Dove è il resto del denaro che dovrebbe aiutare a salvare vite? Kerry, il cosiddetto “non fannullone”, non osa neppure chiederlo. Né lui né qualsiasi altro personaggio pubblico si chiede la ragione per cui gli iracheni, dalla caduta di Saddam, sono costretti a pagare quasi 80 milioni di dollari a Stati Uniti e Gran Bretagna come “riparazione”. Perfino Israele ha ricevuto una somma incalcolabile in denaro ricavato dal petrolio iracheno come indennizzo per la “diminuzione del turismo” nelle Golan Heights - parte della Siria occupata illegalmente. Per quanto riguarda il petrolio, questo termine cruciale non si può neppure citare nella lotta per l’attività più influente del mondo. Nella sua campagna di sabotaggio economico, la resistenza ha talmente successo che l’importantissimo oleodotto che porta greggio al Mediterraneo turco è stato fatto scoppiare 37 volte.
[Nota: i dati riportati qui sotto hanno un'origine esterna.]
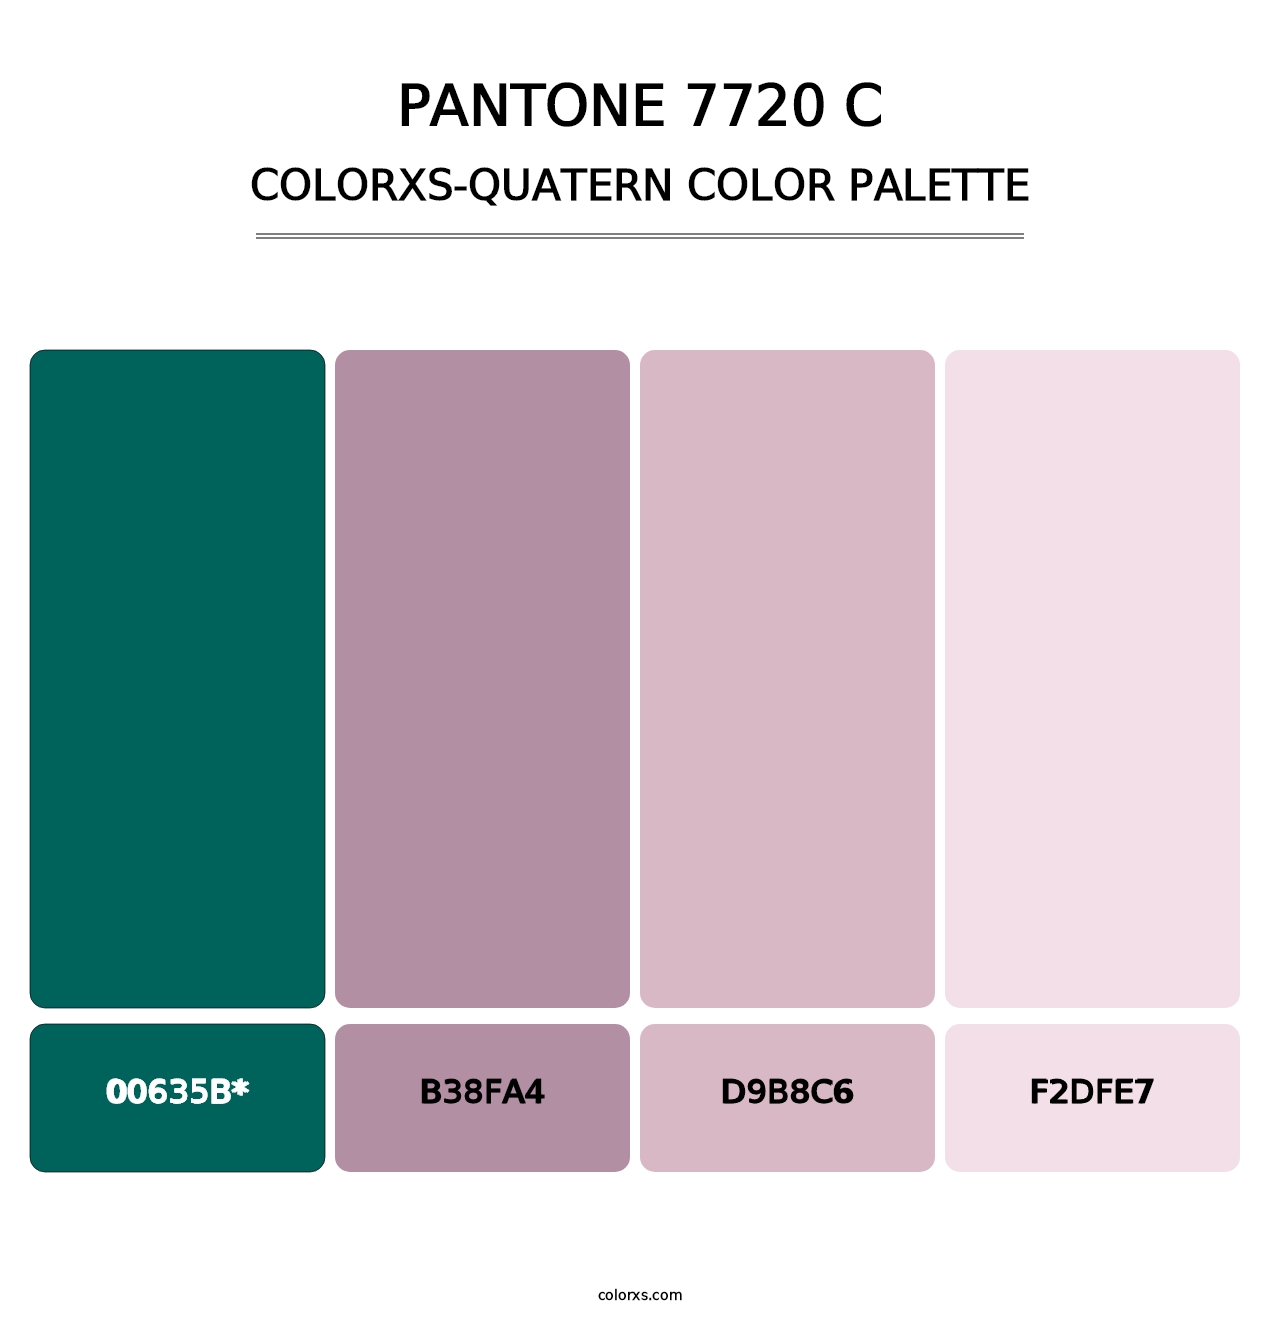 PANTONE 7720 C - Colorxs Quatern Palette

I terminali nel sud del Paese sono costantemente sotto attacco, interrompendo in realtà tutte le esportazioni di greggio e rappresentando una forte minaccia per le economie nazionali. Il fatto che il mondo possa avere perso il petrolio iracheno è avvolto dallo stesso silenzio che conferma che gli americani non abbiano idea della natura e della portata dello spargimento di sangue effettuato a loro nome.
Il silenzio più duraturo è quello che protegge il sistema, causa di questi eventi catastrofici. Questo è l’americanismo, benché stranamente non osi definirsi in questo modo, come il suo opposto, l’antiamericanismo, è stato a lungo considerato negativo, risposta polivalente alle analisi critiche del sistema imperiale e dei suoi miti. L’americanismo come ideologia ha significato, per alcuni, democrazia all’interno e guerra per la democrazia fuori. Dal Guatemala all’Iran, dal Cile al Nicaragua, fino alla lotta per la libertà in Sud Africa, fino al Venezuela dei giorni nostri, il terrorismo dello Stato americano, concesso sia dalle amministrazioni Democratiche che da quelle Repubblicane, ha combattuto i democratici e aiutato i totalitarismi. La maggior parte delle società attaccate e sovvertite dalla potenza americana è debole e indifesa; c’è una logica in questo. Come potrebbe riuscire un piccolo stato a liberarsi e istituire una propria politica di sviluppo? Questo rappresenterebbe un ottimo esempio per gli altri, divenendo così una minaccia per Washington. Ma qual è il vero scopo dietro a tutto questo? Madeleine Albright, segretario di Stato di Bill Clinton, una volta disse alle Nazioni Unite che l’America ha diritto a “un uso unilaterale del potere” per assicurare “un accesso disinibito ai mercati cruciali, alle forniture energetiche e alle risorse strategiche”. O come Colin Powell, sostenitore di Bush pubblicizzato in maniera ridicola dai media come liberale, disse più di una decina d’anni fa: “Voglio essere lo spaccone del quartiere”. Gli imperialisti britannici la pensavano allo stesso modo e ancora lo pensano; il linguaggio è solo un po’ meno vistoso.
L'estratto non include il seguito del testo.